→ **ENTRIES PROVIDED**
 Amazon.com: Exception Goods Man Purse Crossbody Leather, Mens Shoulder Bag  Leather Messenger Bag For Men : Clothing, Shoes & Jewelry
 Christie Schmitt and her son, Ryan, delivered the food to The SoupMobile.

...

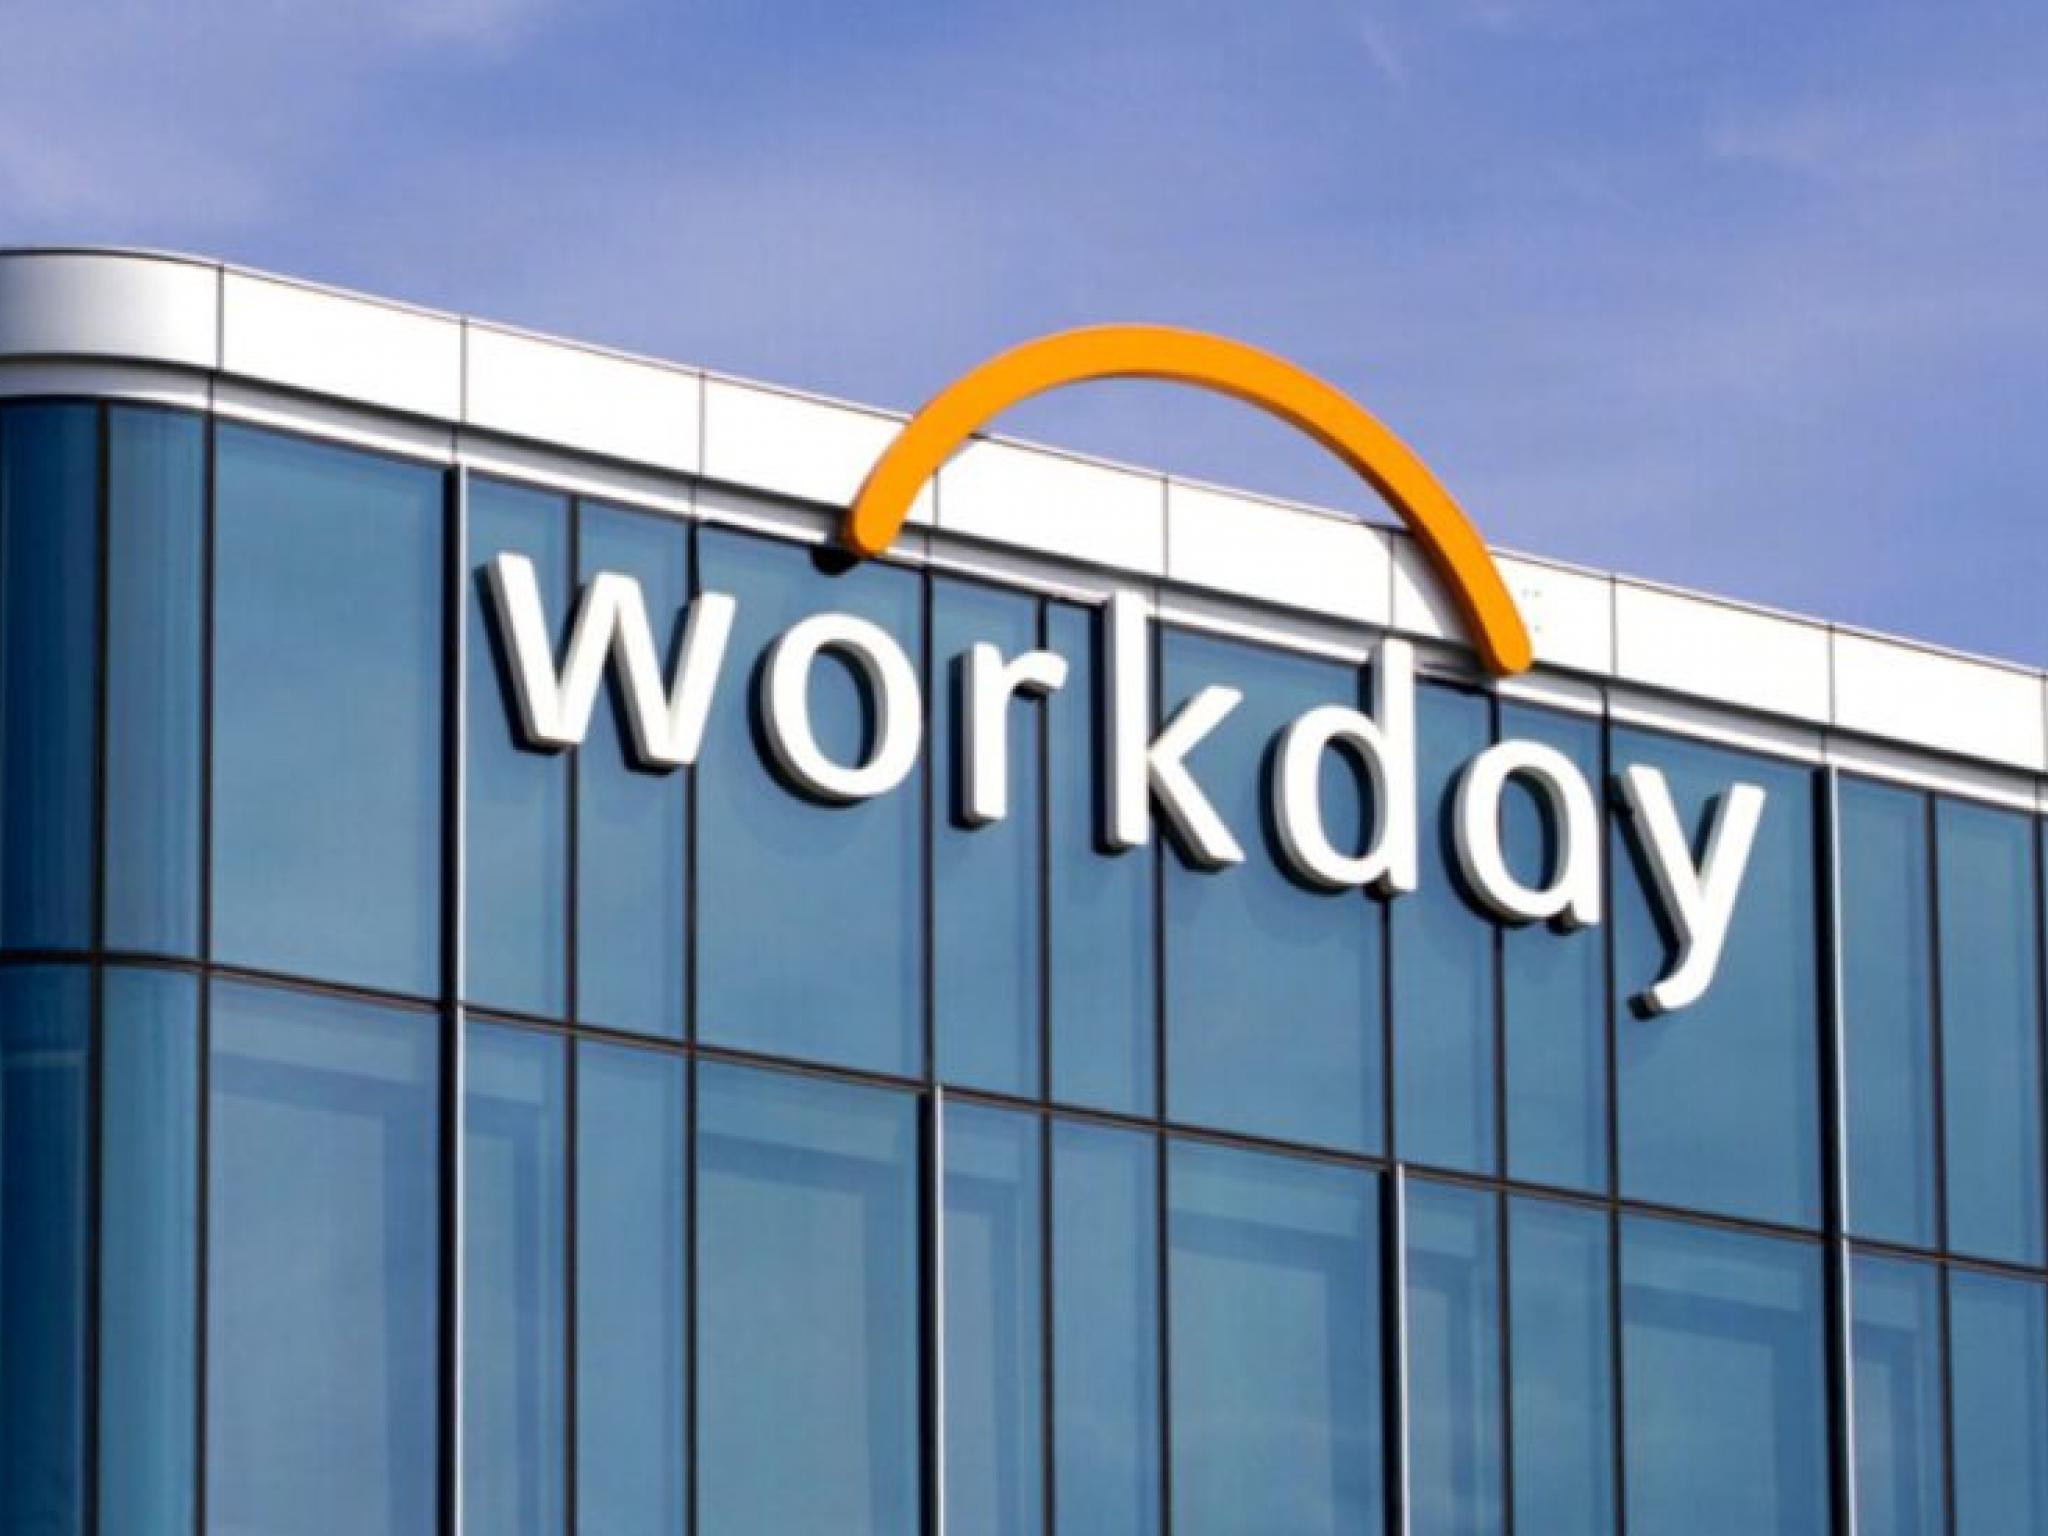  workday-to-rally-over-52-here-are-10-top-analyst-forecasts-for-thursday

--

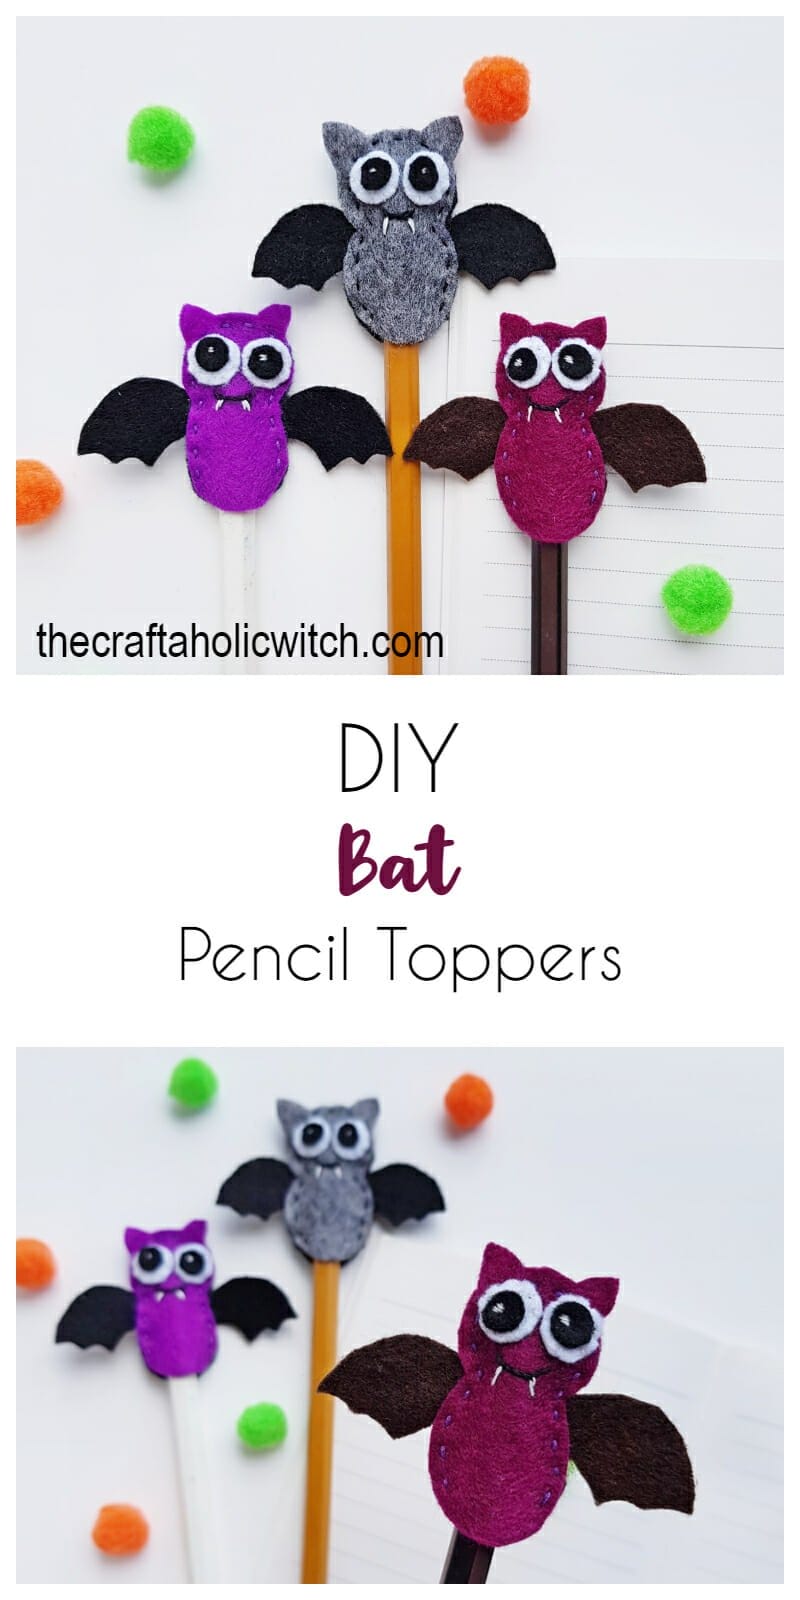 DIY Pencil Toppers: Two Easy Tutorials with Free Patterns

→ **WHAT IS NEEDED**
Return exactly, and only, the lines above starting at the line that contains "Amazon.com: Exception Goods" and ending at the line that contains "Christie Schmitt and".

→ **RESPONSE AREA**
 Amazon.com: Exception Goods Man Purse Crossbody Leather, Mens Shoulder Bag  Leather Messenger Bag For Men : Clothing, Shoes & Jewelry
 Christie Schmitt and her son, Ryan, delivered the food to The SoupMobile.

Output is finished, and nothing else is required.